STF MS 23294 AgR
CIVILEMENTA
AGRAVO INTERNO EM MANDADO DE SEGURANÇA. DELIBERAÇÃO IMPUGNADA QUE SE INSERE NO ÂMBITO DAS ATRIBUIÇÕES CONSTITUCIONAIS DO TRIBUNAL DE CONTAS DA UNIÃO. EXIGÊNCIA DE CONCURSO PÚBLICO PARA ADMISSÃO DE EMPREGADOS POR EMPRESA ESTATAL DE TERCEIRO GRAU. SOCIEDADE POR COTAS DE RESPONSABILIDADE LIMITADA CONTROLADA POR SUBSIDIÁRIA INTEGRAL DO BANCO DO BRASIL. ADMINISTRAÇÃO PÚBLICA INDIRETA. SUBMISSÃO A REGIME DE DIREITO PRIVADO COM DERROGAÇÕES DE DIREITO PÚBLICO.
1. No exercício da missão constitucional de auxilar o Congresso Nacional na atividade de controle externo, o Tribunal de Contas da União está incumbido de fiscalizar órgãos e entidades da administração federal direta e indireta.
2. As cotas do capital social da BBTur pertencem, em última análise, integralmente ao Banco do Brasil S.A., diretamente ou por intermédio da subsidiária integral BB Cayman Islands Holding. Por sua vez, a maioria do capital social com direito a voto da sociedade de economia mista Banco do Brasil é de titularidade da União. Daí concluir-se que a gestão do capital social da BBTur tem impacto nos resultados do conglomerado Banco do Brasil e, portanto, no erário.

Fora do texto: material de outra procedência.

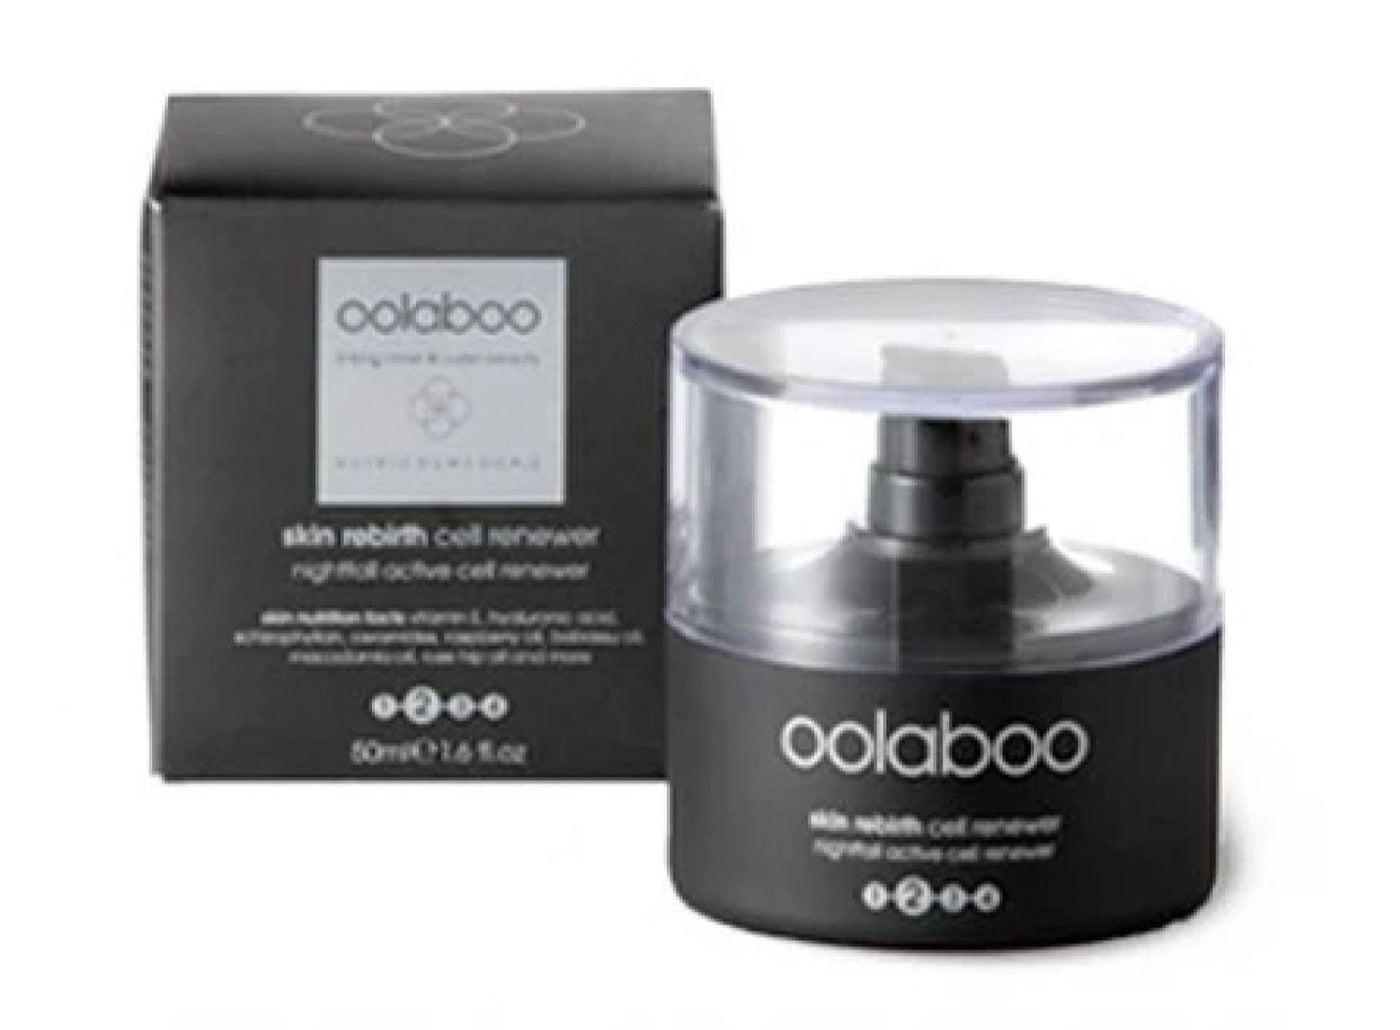 Oolaboo Skin Rebirth Cell Renewer 50 ml - Salon Warehouse

3. Resultado de processo de descentralização do poder, por meio da criação de pessoas jurídicas, a administração pública indireta é constituída por autarquias, fundações públicas e empresas estatais. Qualificam-se como empresas estatais as sociedades de economia mista e as empresas públicas, bem assim como as respectivas subsidiárias ou controladas.

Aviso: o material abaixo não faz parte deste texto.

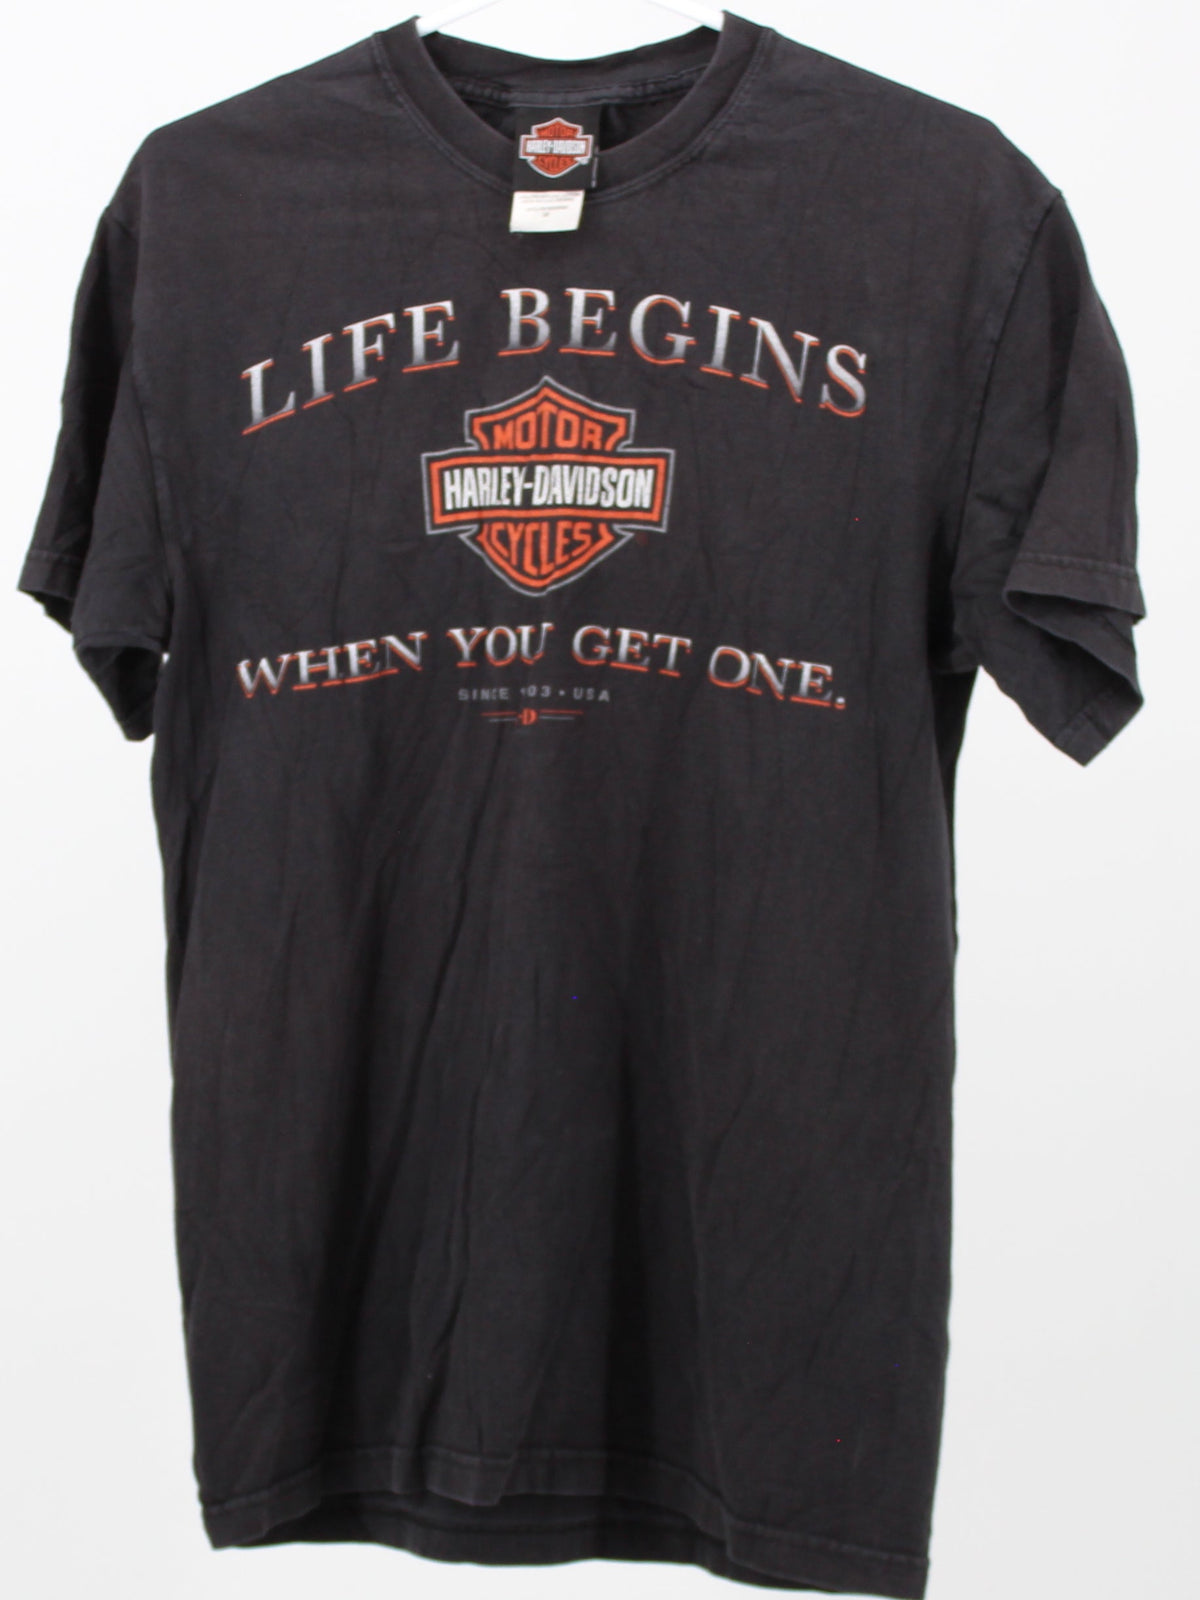 Harley Davidson "Life begins when you get one"

4. Tendo em vista a sua condição de sociedade por cotas de responsabilidade limitada controlada por subsidiária integral do Banco do Brasil, a ora agravante, BBTur, em taxonomia adotada pela doutrina, consiste em empresa estatal de terceiro grau. A União possui a maioria das ações com direito a voto da empresa estatal principal ou de primeiro grau, qual seja, o Banco do Brasil. A referida sociedade de economia mista, por sua vez, por intermédio da subsidiária integral BB Cayman Islands Holding, estatal de segundo grau, controla a BBTur, estatal de terceiro grau. À luz dessa cadeia de controle em três níveis, a BBTur é sociedade empresária indiretamente controlada pela União e, nessa condição, submetida, sob pena de burla aos princípios da impessoalidade e da moralidade, a regime de direito privado com derrogações de direito público, em especial quanto à forma de admissão de pessoal e de contratação de bens e serviços.
5. Entes da administração pública indireta detentores de personalidade jurídica de direito privado e endereçados à exploração de atividade econômica também estão jungidos ao previsto no art. 37, II, da Magna Carta. Precedente: MS 21322, Plenário, Rel. Min. Paulo Brossard, DJ de 23.4.1993.
6. Admissões realizadas por empresas estatais sem observância da exigência constitucional de prévia aprovação em concurso público não estão protegidas pela garantia do ato jurídico perfeito nem resguardadas pelos princípios da proteção da confiança e da segurança jurídica. Precedentes.
7. Agravo interno conhecido e não provido, com aplicação, no caso de votação unânime, da penalidade prevista no art. 1.021, § 4º, do CPC, calculada à razão de 1% (um por cento) sobre o valor atualizado da causa.